その後、アリスの母親が帰って来て家の惨状に頭を抱えていたが。



──────



「それで?あの人は門下生にクスリを使う様に指示して自分はトンズラこいたと?」


 額に青筋を浮かべたアリスの母親が吐き捨てる。


「まさか楠間様のお母様まで呼びつけて謝らせようとするとはおもいませんでした。それに、あの部屋からは特定のワードに反応して呪をかける術が仕込まれていました。謝ったら最後アレに良いように使われていたかもしれません。」


「ハァ………自由にさせすぎましたね。奥渡さん、久安さん、仁倉さん、妙子さん、今回はアレに巻き込む形で迷惑を掛けて申し訳ない。」


「良いっスよそんなの、アリスさんがせっかく良い人見つけたんだから盛り立てなきゃ」


「だな。

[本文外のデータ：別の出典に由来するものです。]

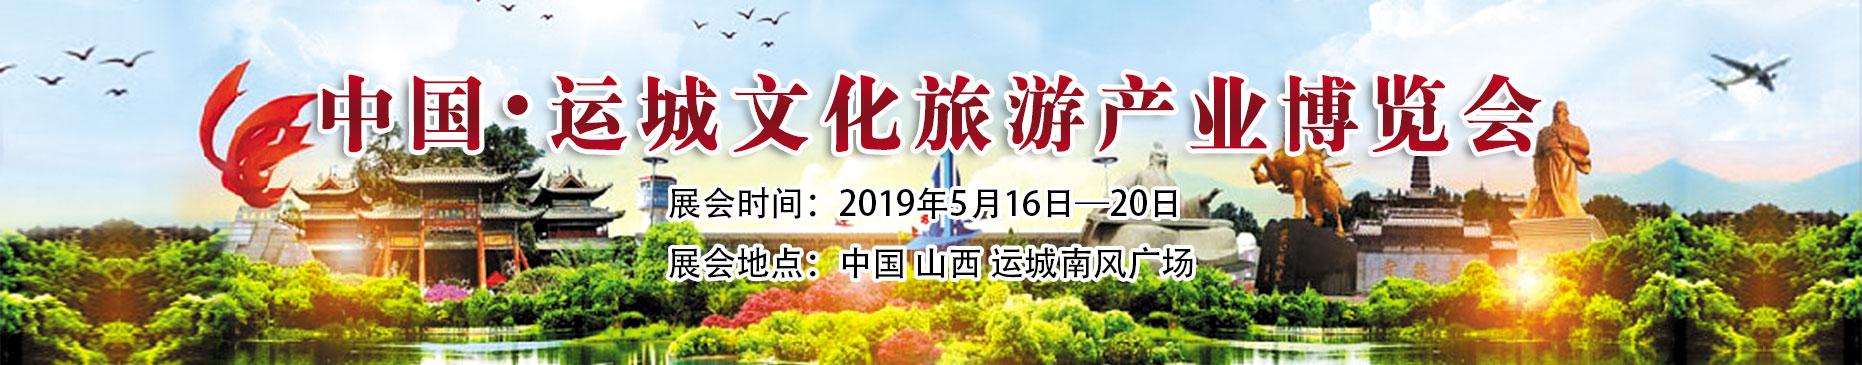 2019中國·運城文化旅游產業博覽會
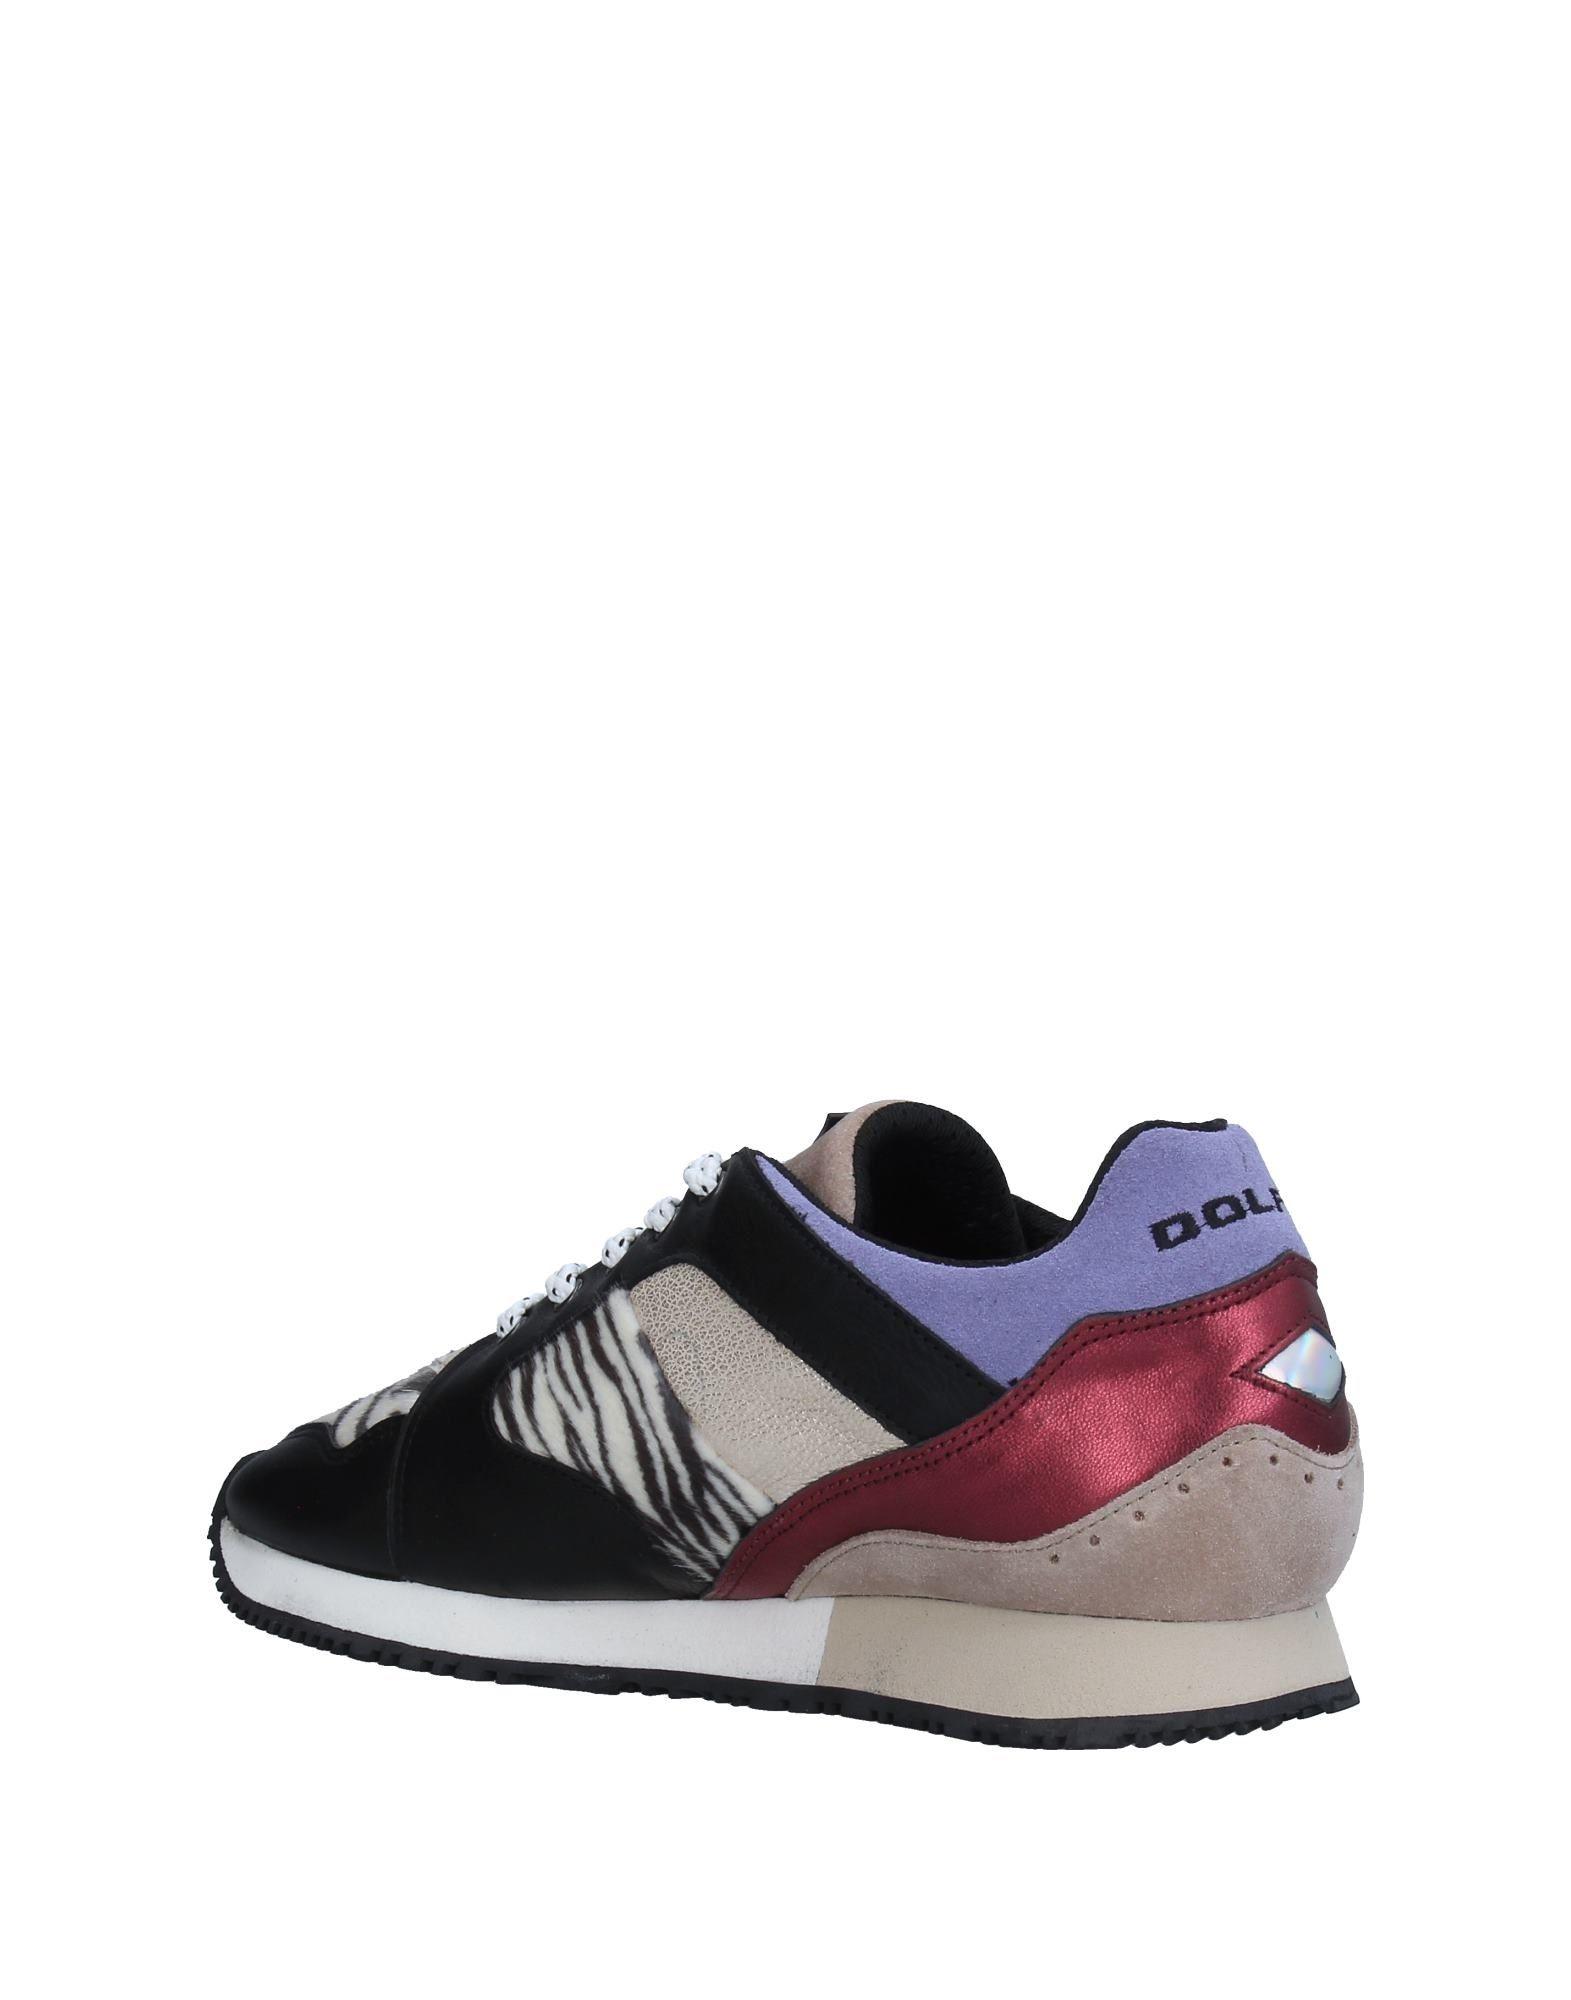 Dolfie Sneakers Damen beliebte  11279161WB Gute Qualität beliebte Damen Schuhe 850df3

馬に蹴られたくないからね」


「アリス、良い友人達ですね」


 ズズゥン!!バキバキバキ!!


「何の音だ!」「裏山の方から!」


「仁倉!コールプローラーを!」「ええっ!」


 表に飛び出してコールプローラーに飛び乗る。すぐにメンダコとコールプローラーを一体化させて実体化をする。


 ウオオオオオォォォ!!!!


 デカい屋敷の裏山から巨大なコールプローラーが身を乗り出していた。普通4〜5メートルのサイズに対して15メートルはあろうと言う巨体に豚の頭が乗っかっている。


 身体は岩で出来て居るのかゴツゴツとしていて、先日のアリスの兄のコールプローラーを思い出す様なモンスターだった。


「ンだあれ!なんだよあのサイズ!アレはコールプローラーなのか?!」


「豚の頭……アレは父です。しかし、岩の身体は兄の……?もしや」


「そぉ〜う!化け物退治にいろいろ嫌がらせしてたのに、みんな返り討ちにしちゃうんだもん!だからこっちも化け物を作っちゃった♪」


 暗闇に浮かぶ男が腹立たしげに、バカにする様に唄う。


「それっ!正義の鉄拳だ!いけーっ!」


 そう言うや、巨大な岩豚男が拳を振り下ろして暴れ始める。